I would guess the AI's subtle policy actions would not be much more coordinated and high impact position than what TikTok could have done a few years ago, and I don't think TikTok was ever in a position where it could have put a much more pro-CCP candidate in power if it wanted to (if the pro-CCP candidate started from a similar position of strength as the CEO) - my guess is that it's hard to massively shift the balance of power without it being obvious to the people losing that something nefarious is going on.
My guess is that the AI could try to have a massive cover-up operation to discredit people who criticize the somewhat obvious media manipulation - but then the thing the AI strategy is more like "somewhat blatantly do bad things and then do a giant cover-up" rather than "take actions so subtle nobody would ever figure it out even if they had access to all the logs".
My bad! Will edit.
When I read AI2027 the "November 2027: Superhuman Politicking" felt much less extreme than "you can make someone that had <0.01 chance of winning be the clear favorite". I guess AI2027 didn't want to make a very strong statement about what is possible with wildly superhuman skills and so they used a relatively mild example (make the race continue despite Xi being willing to make large sacrifices - which seem to me >0.1 even without AI manipulations).

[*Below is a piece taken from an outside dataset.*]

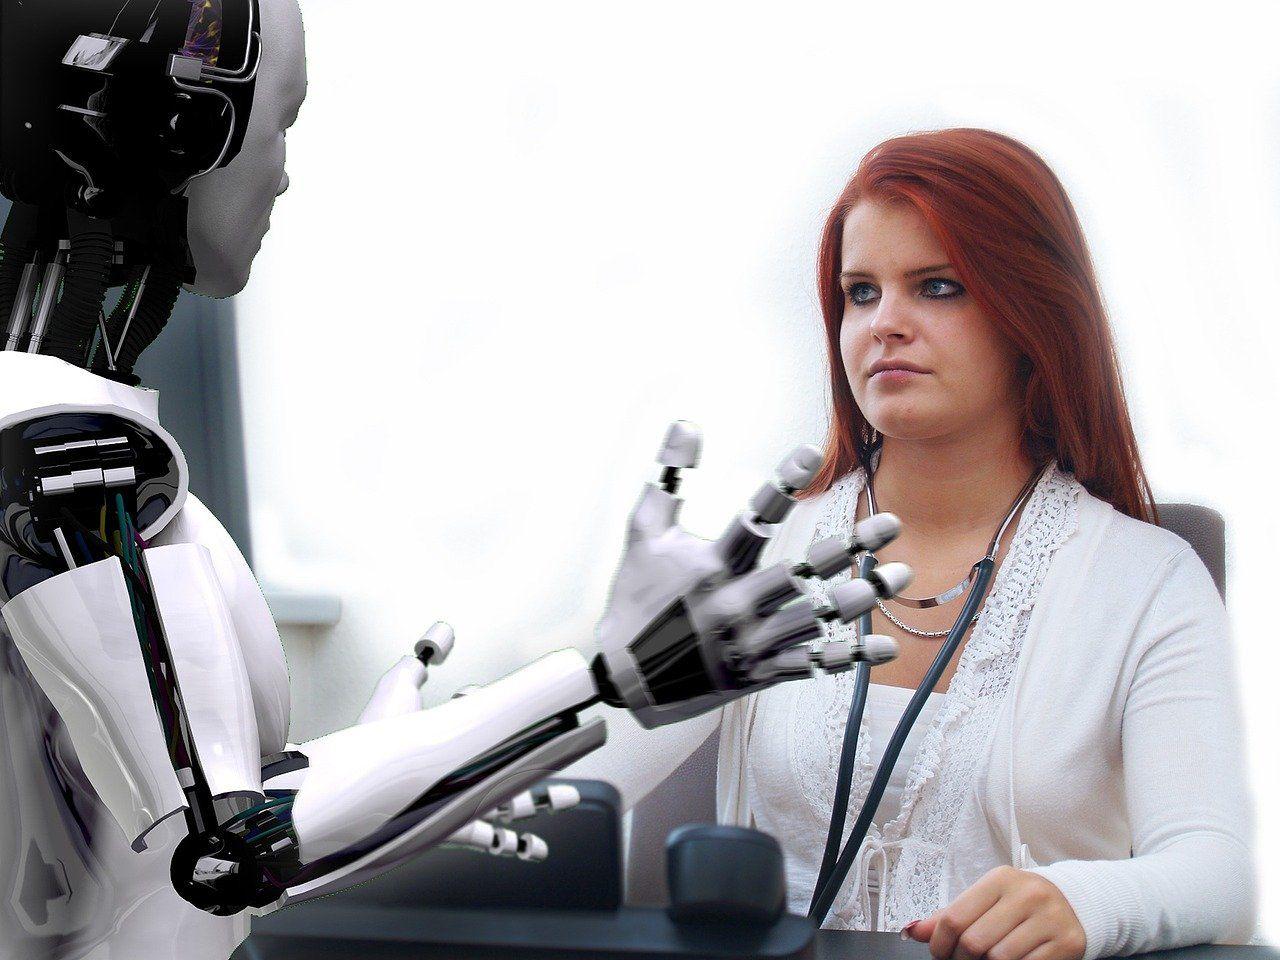 В России создали голосового робота для медицинских учреждений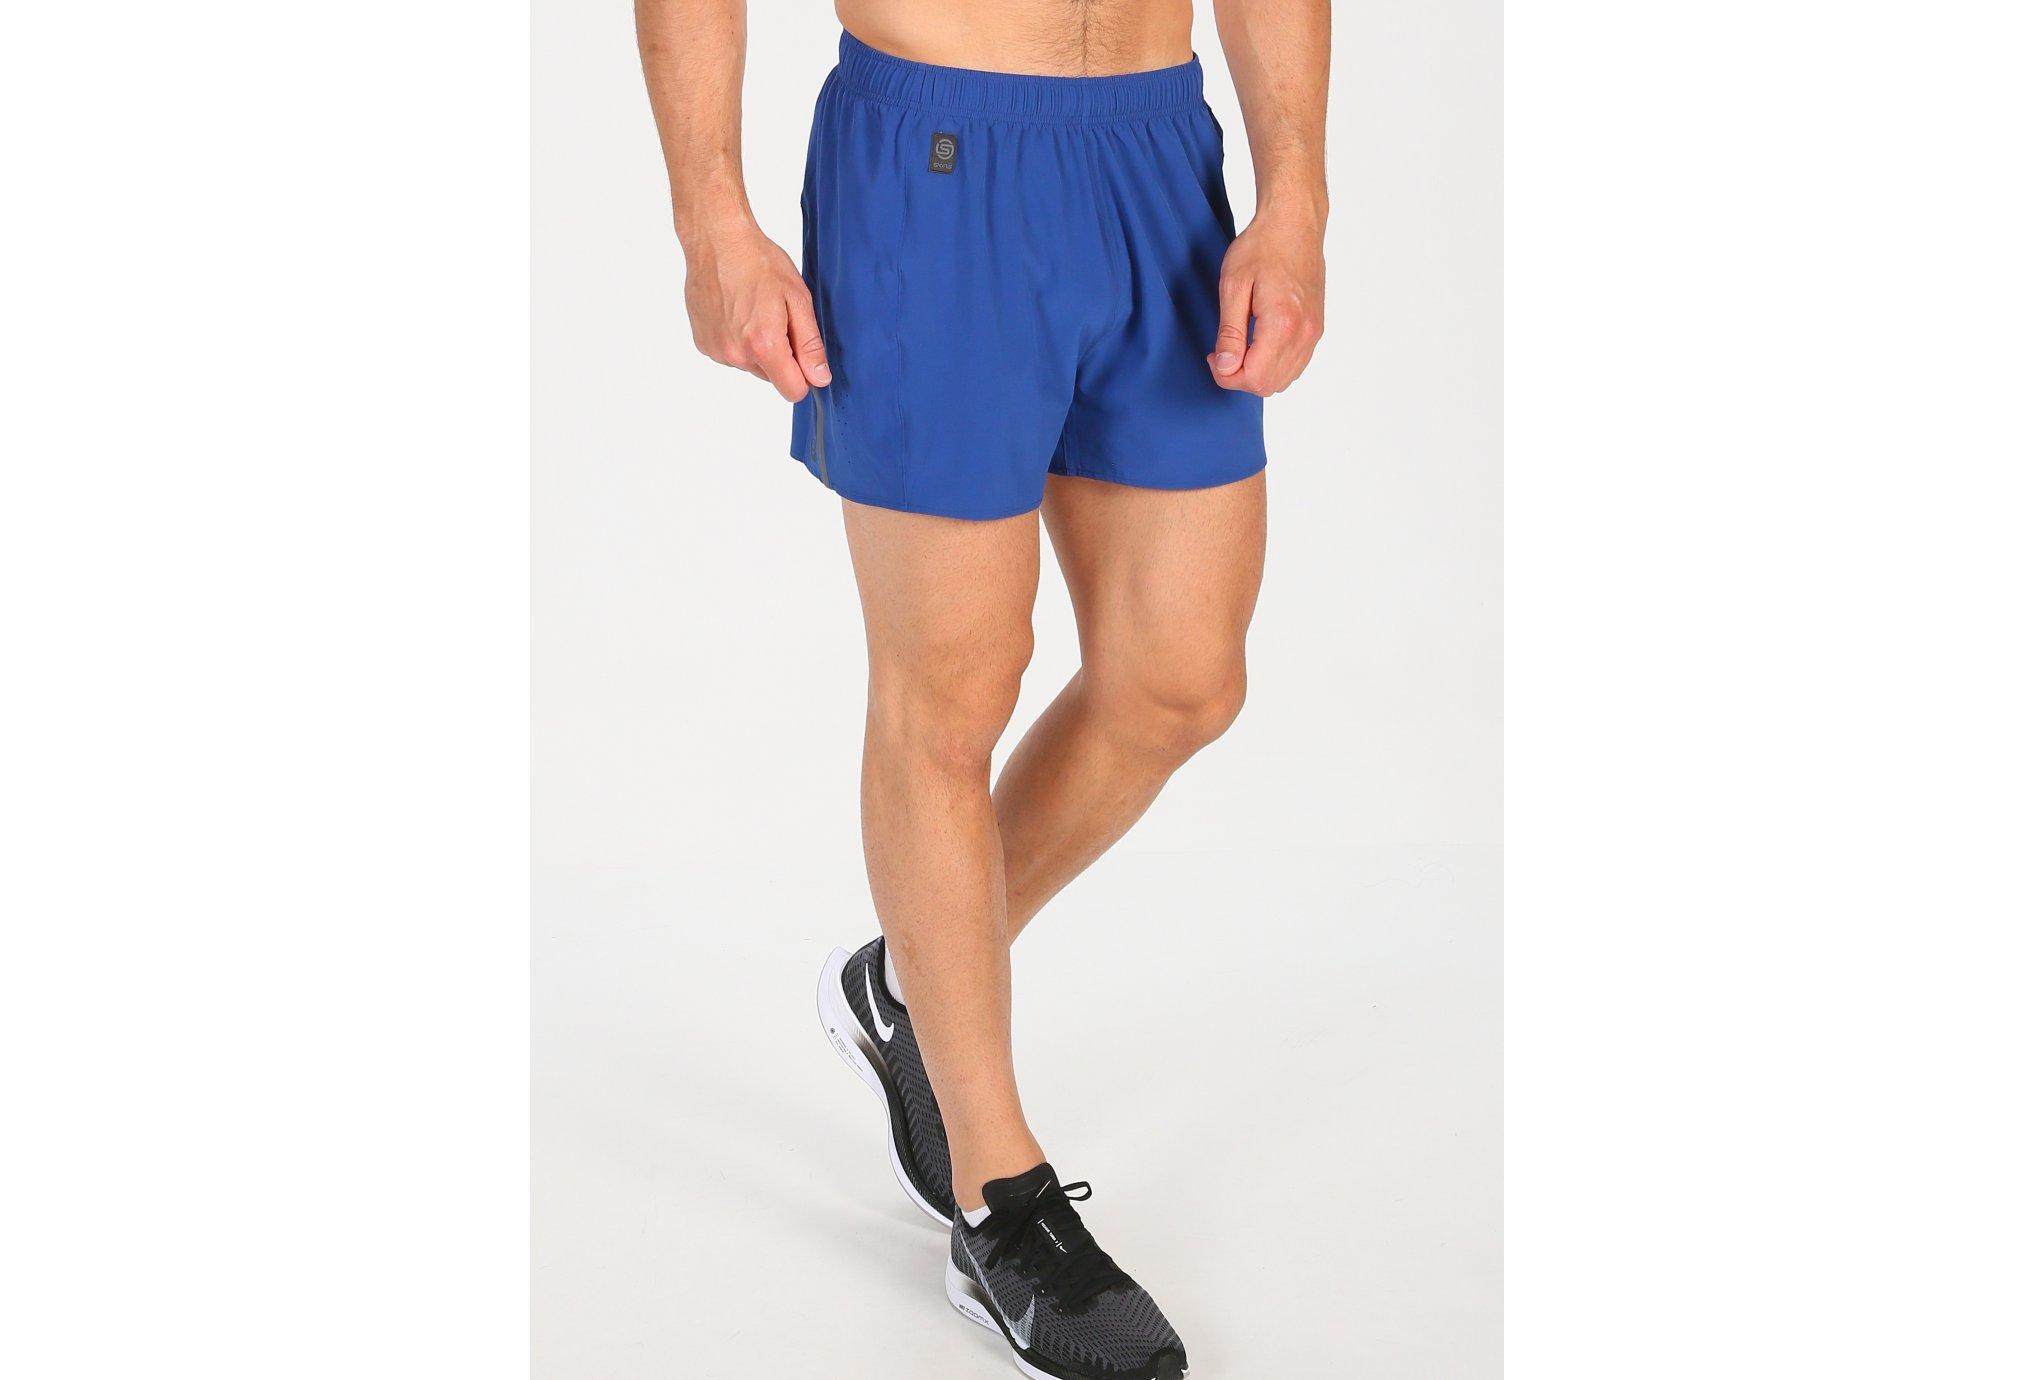 Skins Activewear Network M Diététique Vêtements homme

I am still unsure how much can be done with Agent-5. I know some people who don't buy you will get "magical" political abilities during the first few years of the intelligence explosion (for a combination of not believing in very fast takeoff taking you to extremely advanced political skills, and not believing extremely advanced political skills would be that useful) but I am not very sympathetic to their views and I agree that if you get wildly superhuman political skills, the sort of manipulation you describe seems >0.5 likely to succeed.
This feels slightly incorrect to me. I think that one of the main ways in which your results are surprising is that saying "this is deployment" and "this is training" generates internal activations related to training and deployment despite the fact that the model does not believe you.
I think it would have been plausible that "this is deployment" generates activations that are entirely about "the user says it's deployment even when it's not" and completely orthogonal to "this is actually deployment" - so I don't think you should in general expect activation steering to be free of other concepts being mixed in.
I agree the risk of "harmfulness leakage" is lower than with SAE, so I agree with the conclusion that an AI auditor trying any white-box steering should definitely try contrastive-pair activation steering.